As I keep saying, to anyone who will listen, the less translation the better. But Phil is a realist, and he knows translation will always be necessary to some degree. If it helps get things started, great. If we can eventually consolidate formats, even better. Everyone working on this problem has essentially agreed to portability, which to me says we should all get behind the new standards immediately.
metadata management - one of the primary roles of the PDX is managing data about my data. What are the roles I’ve created? What permissions have I granted as exceptions to the defaults? What semantics surround the various data fields? What data sharing, encoding, and encrypting policies have I created? All of this has to be kept and managed in my behalf in the PDX.
I want to manage my histories – where I’ve surfed online, where I’ve driven, where I’ve walked, what I’ve bought, where I’ve eaten, who I’ve called, etc. Because we will start to consolidate all our data streams, our data stores will be big. We’ll need sharp tools for managing large amounts of data, permissions, groups, etc.
broker services - the PDX is a place where the user manages a federated network of data stores. As an example of why this is important, consider the shortcomings of OAuth. If I use an application that needs access to four OAuth mediated APIs, I have to go through the OAuth ceremnoy with each API provider separately. Now consider that I might have dozens of apps that use a popular API. I have to go through the OAuth ceremony for each of them separately. In short a broker saves us from the N x M explosion of permissioning ceremonies. Similarly for various data services.
That’s getting a bit technical, but I agree that data brokers should work with the information in our personal data lockers, not just give us access to services on a case-by-case basis. Brokers are going to be so important in the coming years. And yet, VCs haven’t started placing big bets on them, but they will. There will be a wave of investing in brokers, and I hope it’s just around the corner.
discoverable – a PDX should provide discoverability for its APIs and schemas so that any application I’m interested in knows how to interact with it. Discoverability protects users from having to completely specify addresses, mappings, and schemas to every application that comes along.
This is why I talk so often about name spaces. The solution to the findability problem is in the naming and descriptions, and this is where we need more standards. For more on this topic, see John Wilbanks’ video on ScienceCommons.org.
automatable and scriptable – a PDX without automation is worse than no PDX at all because it burdens the user rather than saving effort. A PDX will be a player in a larger ecosystem of services. … The PDX is an active participant in the greater ecosystem of services that are cooperating on the user’s behalf.
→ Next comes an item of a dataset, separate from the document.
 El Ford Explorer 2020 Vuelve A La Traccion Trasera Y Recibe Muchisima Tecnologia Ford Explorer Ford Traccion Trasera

This is where Phil Windley, one of the architects of the new web, really adds value. He has already designed a new scripting language for mashing up services and is building demos to show how they will work. People will use their (and our) data in ways we can’t even imagine today. We’ll have control over who sees what, but the ability to write scripts and programs that do many small things quickly will usher in a new era of software – one that continually adapts to our changing needs rather than solidifying yesterday’s solutions.
Thanks to Phil for getting that ball rolling. I highly recommend you read his blog, Technometria. Phil is an active participant in IDCommons, which now has started a new home for all these standards and discussions at PersonalDataStore.info. I recommend you visit the site right now, and be sure to watch Markus Sabadello’s excellent video explaining how a personal data locker solves most of the world’s problems.